Otherwise, he does not believe that they will be of any value beyond

artistic impression.  Therefore, most of his novels take place in

California, the site of his birth and young life.  In preparation for

writing his novels, Steinbeck would often travel with people about whom he

was going to write.  The Grapes of Wrath was no exception to his other

works.  To prepare for it, he joined migrants in Oklahoma and rode with

them to California.  When he got to California, he lived with them, joining

them in their quest for work.  By publishing these experiences and trials

of the migrants he achieved an effect that won him the Nobel Prize for

literature in 1962. The writing of The Grapes of Wrath coincided with the

Great Depression.  This time of hardship and struggle for the rest of

America gave Steinbeck inspiration for his work.  Other peoples' stories of

everyday life became issues for Steinbeck.  His writings spoke out against those who

kept the oppressed in poverty and therefore was branded as a Communist

because of his "voice."  Although, it did become a bestseller and receive

countless awards, his book was banned in many schools and libraries.

However, critics never attacked The Grapes of Wrath on the artistic level

and they still consider it a beautifully mastered work of art.  More than

any other American novel, it successfully embodies a contemporary social

problem of national scope in an artistically viable expression.1   In The

Grapes of Wrath, Steinbeck utilizes Biblical imagery and allusions to

illustrate the struggle of the Joad family as a direct parallel with that

of the Hebrew people.

 

        Steinbeck bolsters the strength of structure and character

development in the book through Biblical allusions and imagery.  Peter

Lisca has noted that the novel reflects the three-part division of the Old

Testament exodus account which includes captivity, journey, and the

promised land.2  The Joads' story is a direct parallel with that of the

Hebrews.  Just as the Hebrews were captives of the Pharaoh, the Joads' are

captives of their farm.  Both make long and arduous journeys until they

reach their promised land.  Israel is the final destination for the Hebrews

and California plays the same role for the Joads.  Hunter mentions several

of the parallels in the novel. When the Joads embark on their journey,

there are twelve members which corresponds to the twelve tribes of Israel

who are leaving the old order behind. They mount the truck in ark fashion,

two by two, as Noah Joad observes from the ground.  This chapter ten scene

is an allusion to the story of Noah's Ark: 3

 

". . . the rest swarmed up on top of the load, Connie and Rose of Sharon,

Pa and Uncle John, Ruthie and Winfield, Tom and the preacher.  Noah stood

on the ground looking up at the great load of them sitting on top of the

truck. 4"

 

Grampa's character is an allusion to the story of Lot's wife. He is unable

to come to grips with the prospect of a new life, and his recollection of

the past results in his death.  Lot's wife died in the same manner.  She

turned into a pillar of salt when she looked back into her past.  The

parallel is emphasized by the scripture verse, a direct quotation from Lot,

which Tom uses to bury him with.5 Uncle John's character resembles that of

the Biblical character Ananias because he withholds money from the common

fund just as Ananias did.  Both characters are similar in their selfish

desires and they each undergo a moment of grace when they admit to their

sins thus becoming closer to God.

 

        Lewis suggests that Tom Joad is an illuminating example of what

Steinbeck considers to be the picaresque saint.7  Tom also serves as a

Moses-type leader of the people as they journey toward the promised land.
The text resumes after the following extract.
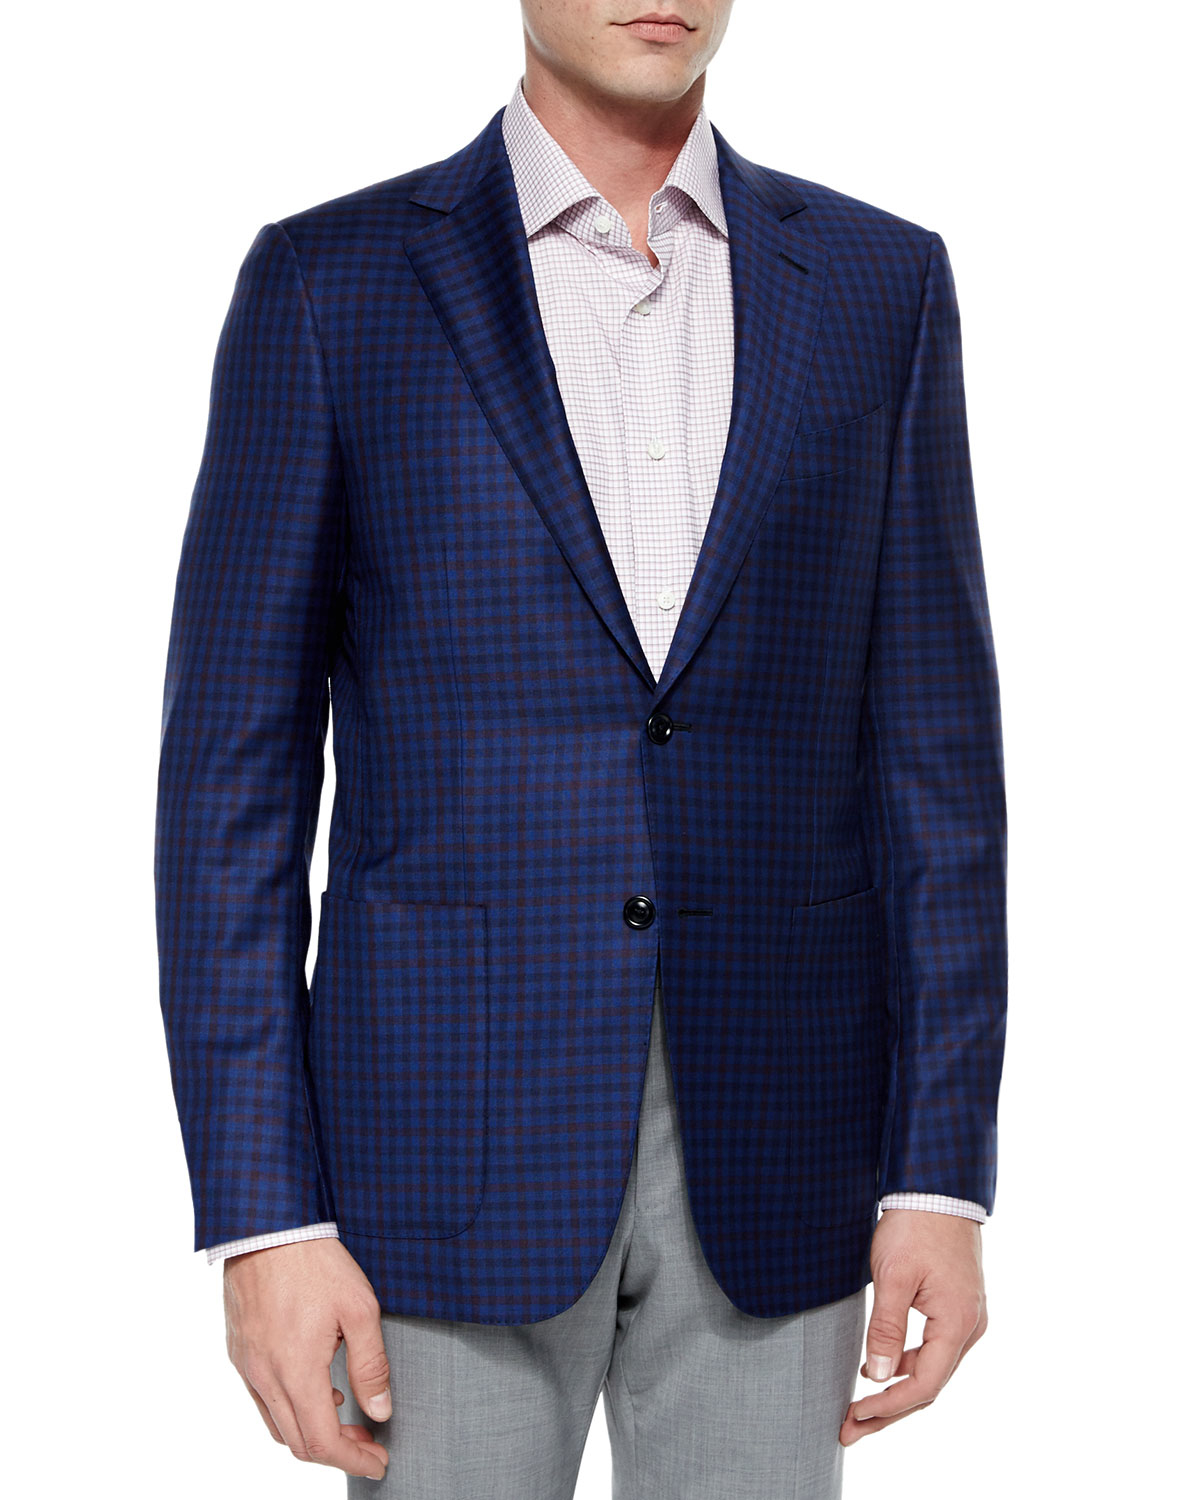 Ermenegildo Zegna Check Wool Sport Coat in Blue for Men - Lyst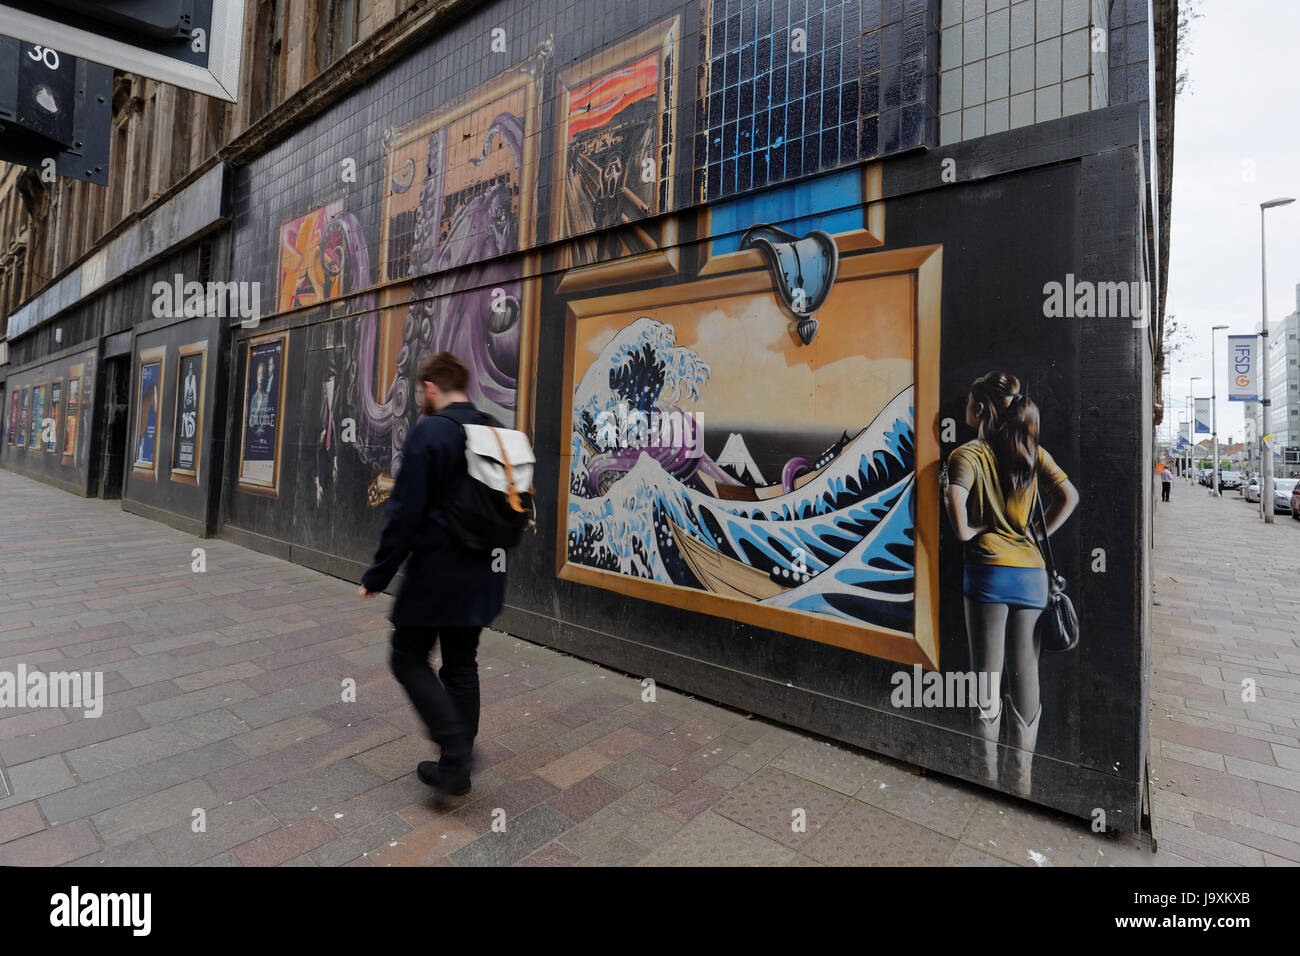 Glasgow-Kunst im öffentlichen Raum-Graffiti auf der Argyle Street mit den Auftrag anzeigen Om Website zu bauen um für neues Hotel abgerissen werden Stockfoto

Like Moses, he has killed a man and had been away for a time before

rejoining his people and becoming their leader.  Like Moses he has a

younger brother(Aaron-Al) who serves as a medium for the leader.  Shortly

before reaching the destination, he hears and rejects the evil reports of

those who have visited the land(Hebrew "spies"- Oklahomans going back).8

This parallel ends before the completion of the story just as most others

in the novel do.  Many parallels are not worked out completely and as

Hunter notes, the lack of detailed parallel seems to be deliberate, for

Steinbeck is reflecting a broader background of which the exodus story is

only a part.9 Several Biblical allusions come from New Testament stories.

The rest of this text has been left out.